The decision by Ghada Aoun, an investigating judge for the Mount Lebanon district, involved the heads of the Bank of Beirut, Bank Audi, Societe Generale (SGBL), BLOM Bank, and Bankmed, the state-run NNA reported late on Thursday.
2 min read
11 March, 2022
Head of Bank Audi was included in the travel ban [Getty]

A Lebanese judge has imposed travel bans on the heads of the country's five largest banks over suspicions related to a possible transfer of billions of dollars abroad during the nation's economic meltdown, local media reported.

The decision by Ghada Aoun, an investigating judge for the Mount Lebanon district, involved the heads of the Bank of Beirut, Bank Audi, Societe Generale (SGBL), BLOM Bank, and Bankmed, the state-run NNA reported late on Thursday.

NNA did not provide further details over the reasons behind the ban. Local media reports said the move was precautionary as auditors look into transfers by the banks worth $8 billion.

Judge Aoun was investigating "the case of the transfer by Banque du Liban of $8bn to seven other banks to pay to depositors outside Lebanon, but it later emerged that the banks had paid no more than $1bn and kept the remaining $7bn", Lebanese daily Al-Akhbar reported.
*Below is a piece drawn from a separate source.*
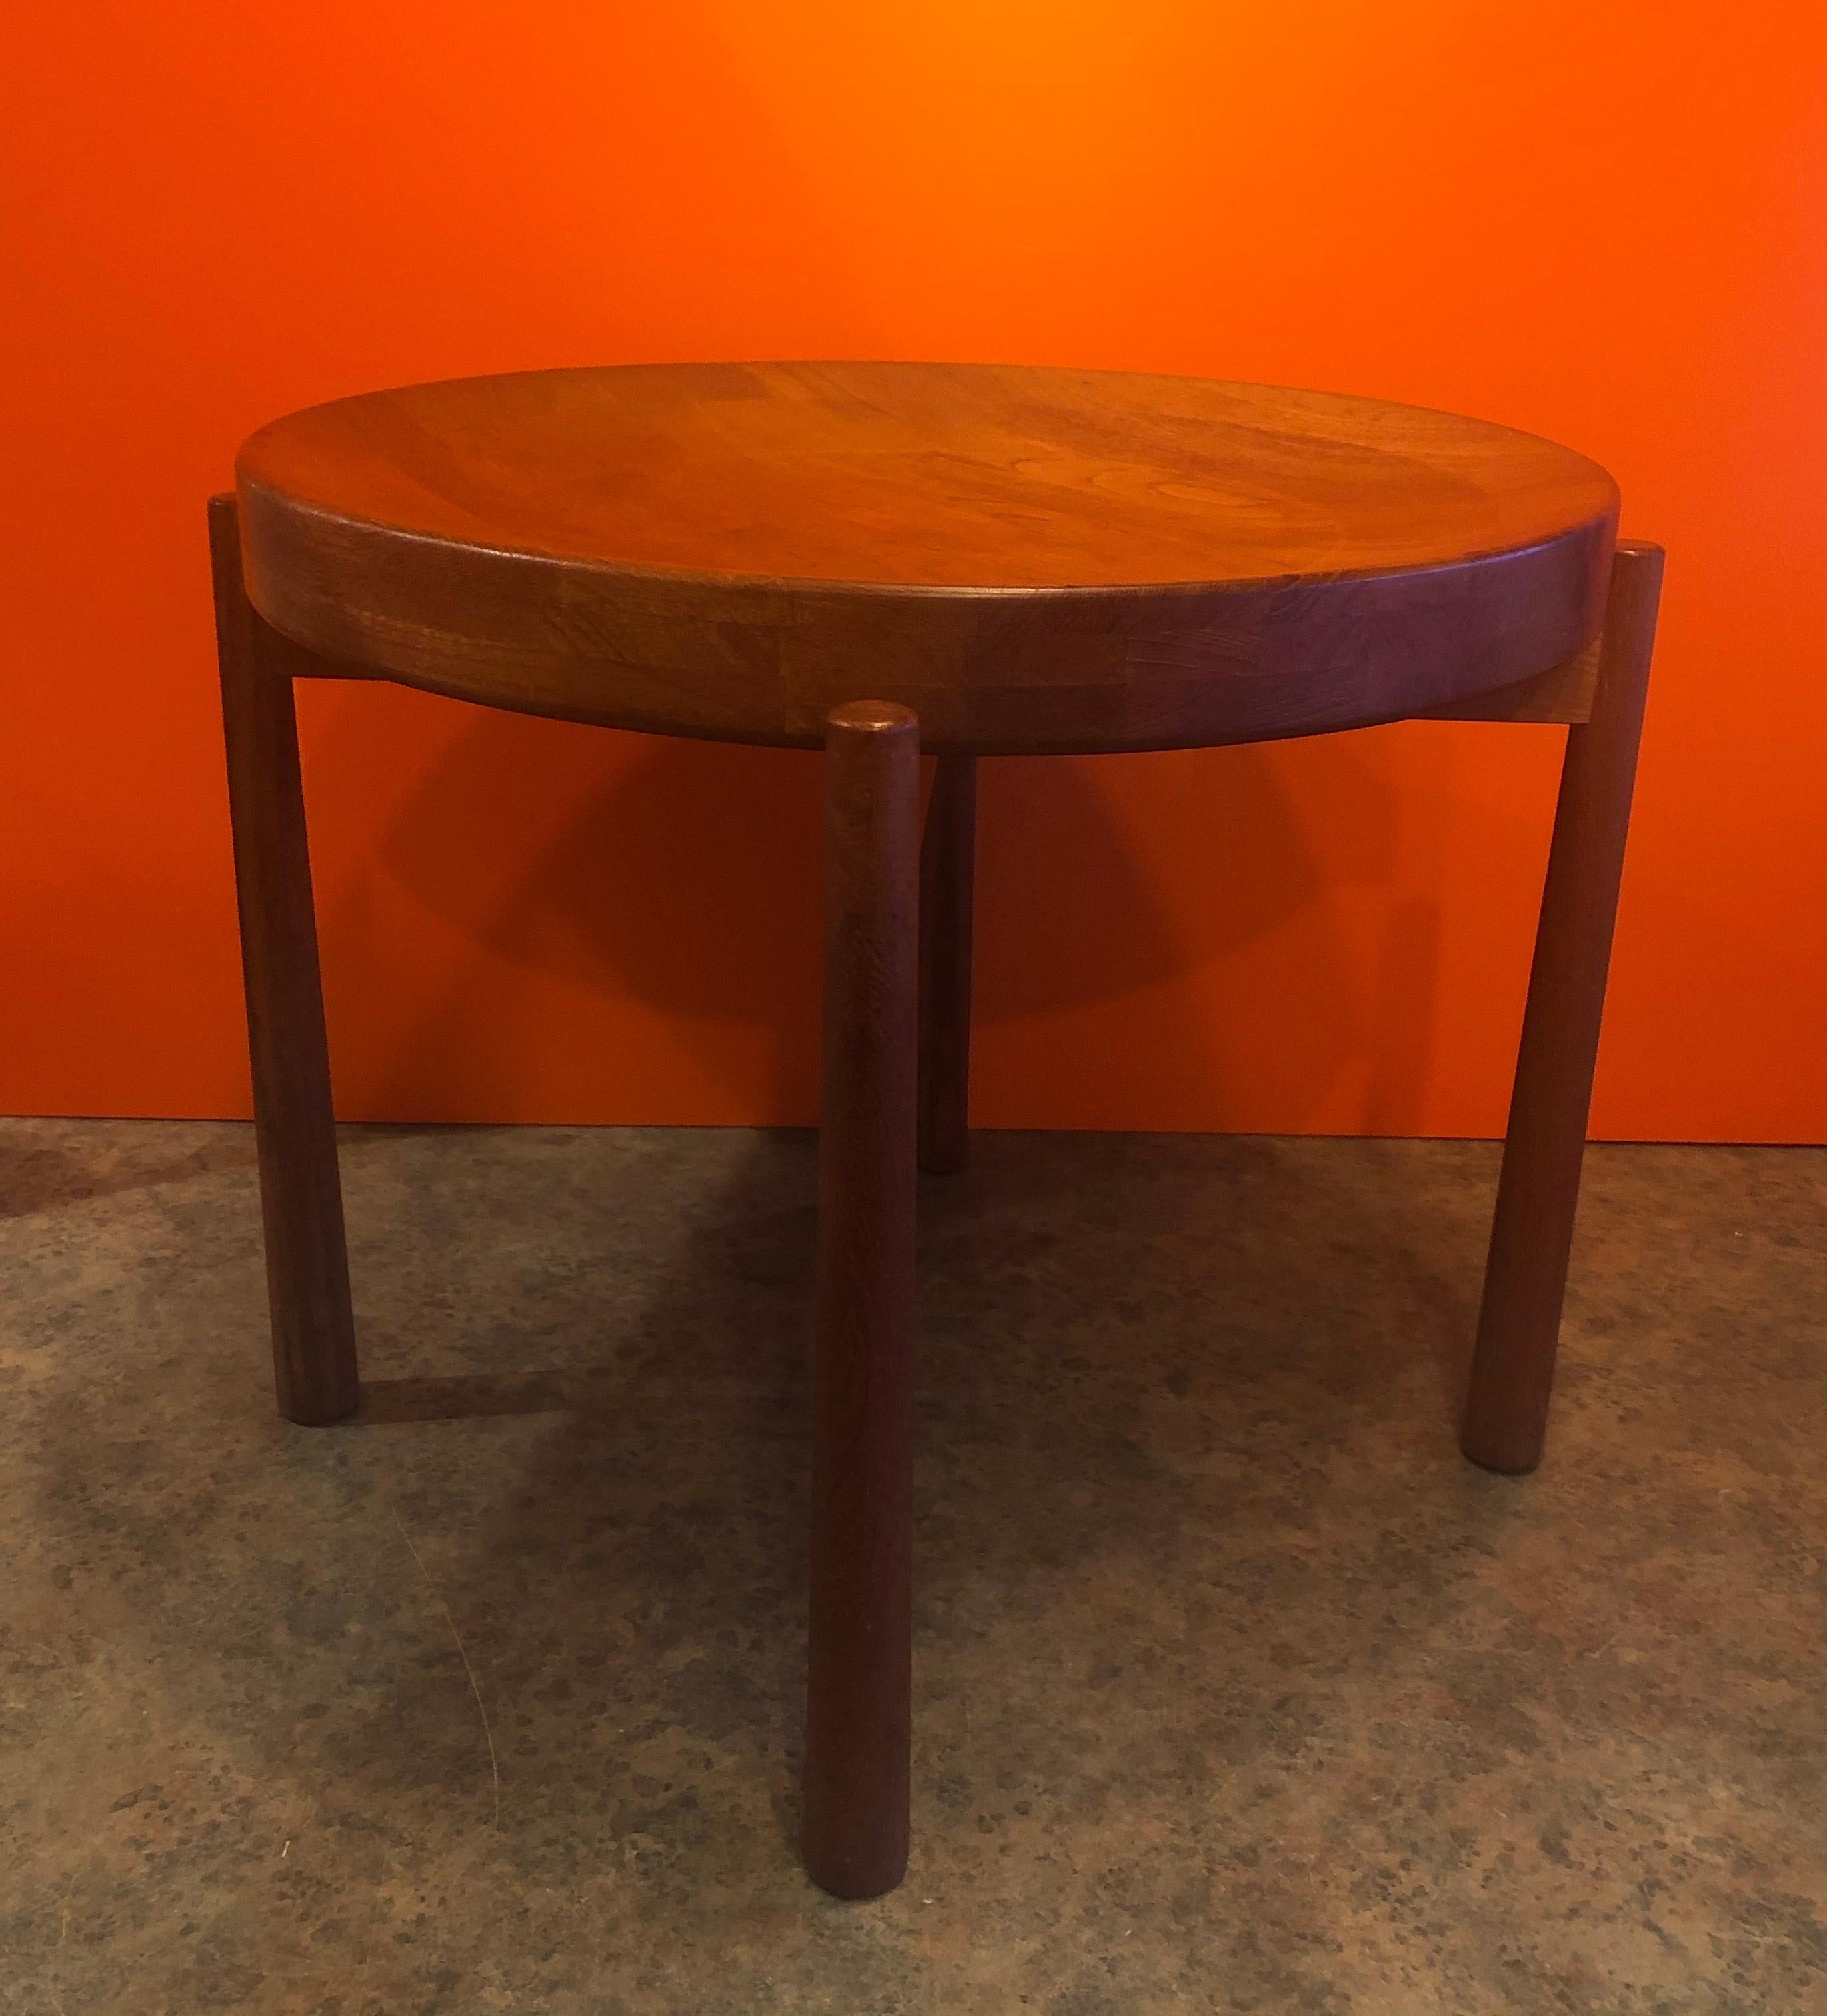 Side Table or Fruit Bowl Attributed to Jens Harald Quistgaard for DUX of Sweden For Sale 6

Lebanese banks have imposed informal capital controls since the economic crisis began in October 2019 after decades of corruption and mismanagement by the country's political class.

Since then, people have had no full access to their savings and those who withdraw cash from their US dollar accounts get an exchange rate that is much less than that of the black market.

In January, Judge Aoun imposed a travel ban on Lebanon’s central bank governor after a corruption lawsuit accused him of embezzlement and dereliction of duty during the crisis.

Also on Thursday, authorities raised the price of bread, the country's main staple, by 30 percent following a recent move by the central bank to end subsidies for sugar and yeast.

There are mounting concerns that Russia's invasion of Ukraine will affect wheat imports in Lebanon, heavily reliant on Ukrainian and Russian wheat.